«Il y a trois types de mensonges:
mensonges,
mensonges grossières et
statistiques.»
(Attribué à Winston Churchill)
«Un mort? Une tragédie.
Un million de morts? De la statistique.»
(Atribué à Iossif Vissarionovitch Djougachvili, dit Staline)
Que nous le voulions ou non, nous ne sommes tous pas plus que des statistiques. Éléments de statistiques. Des plus diverses. La principale chose est que nous vivons. (Et – accessoirement – que nous votons.) Mais aussi que nous mourrons. Pour elles. Sans nous, zéro statistiques. En revanche, plus nous sommes et plus il y aura de la matière pour elles. Et mieux elles se porteront. Notre pouvoir est par conséquent immense! Au moins devrait-il l’être.
Mais que dal. Des banav que tout cela! Nous ne sommes tous rien d’autre que des éléments de statistiques avec pouvoir zéro à part celui de nous voir placés à notre insu dans telle ou telle zone, groupe, catégorie ou position, à tel ou tel rang ou niveau, etc. Quant au critères de classement, leur nombre est infini, et si par hasard il venait à finir, il s’en trouverait encore de nouveaux.
Accoutumances, achats, activité, âge, aide, animaux, aversions, avoirs, casiers, chomage, civisme, crédits, cultes, délits, dépenses, enfants, épargnes, état civil, études, fortune, habits, habitudes, infractions, intérêts, lectures, loisirs, maladies, mariage, métiers, meurtres, migration, misère, mobilité, mortalité, natalité, politique, occupations, origines, penchants, pendularité, poids, préférences, salaires, sexe, soucis, souhaits, sport, tailles, vacances, vice, vitesse.
Les % règnent partout, sans partage. Tout et n’importe quoi se mue en pour-cent par rapport au but choisi pour la circonstance: population du pays, de la région, de la ville, classe d’âge, niveau de vie, espérance de vie, choix, tendances, prévisions, dynamique. Difficile de savoir si le lointain inventeur du % en tant que signe ou référence l’aura fait parce qu’à son époque la population était nettement moins nombreuse, et que dès lors une petite centaine satisfaisait pour présenter un repère raisonnablement révélateur.

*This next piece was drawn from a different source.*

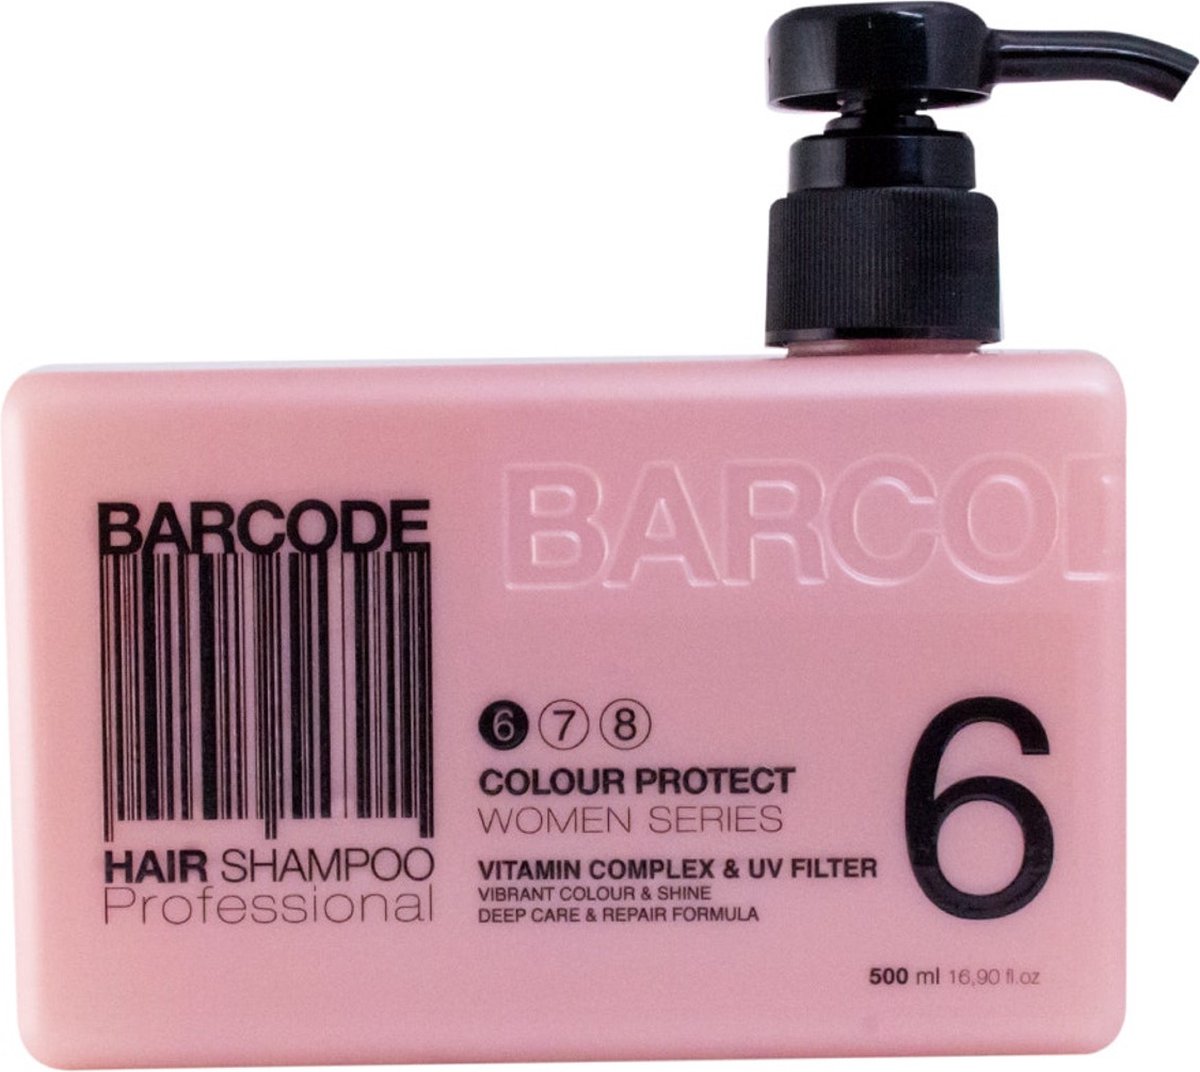 BARCODE - Hair Shampoo - Colour Protect - 500ml

Une chose est sûre: les % des statistiques sont des commodities, des raw materials, c’est-à-dire des matières brutes de première nécessité qui se négocient au dessus de nos têtes, tel que le pétrole ou le blé, sauf que nous en sommes les composantes anonymes et infimes, comme pour l’opinion publique de la communauté internationale 150.
Le plus frustrant est que nous sommes strictement sans défense aucune envers ces statistiques dont on est le combustible et qui circulent librement parmi nous, sans demander pardon ou crier gare. Nous sommes situés furtivement dans les 9.21% du groupe tel ou classés dans les 43.18% de tel autre, alors que notre identité est caractérisée par d’autres et bien plus de qualités et de défauts.
*
Allons! Ce n’est pourtant pas une raison d’être déprimés pour autant. Vivants ou morts, morts ou vivants, ceci donne tout de même un minimum de sens à notre existence. Actuelle et future. Le sillon que nous creusons dans la vie et la trace qui nous suivra après la mort se retrouve(ro)nt largement dans nombre de ces %.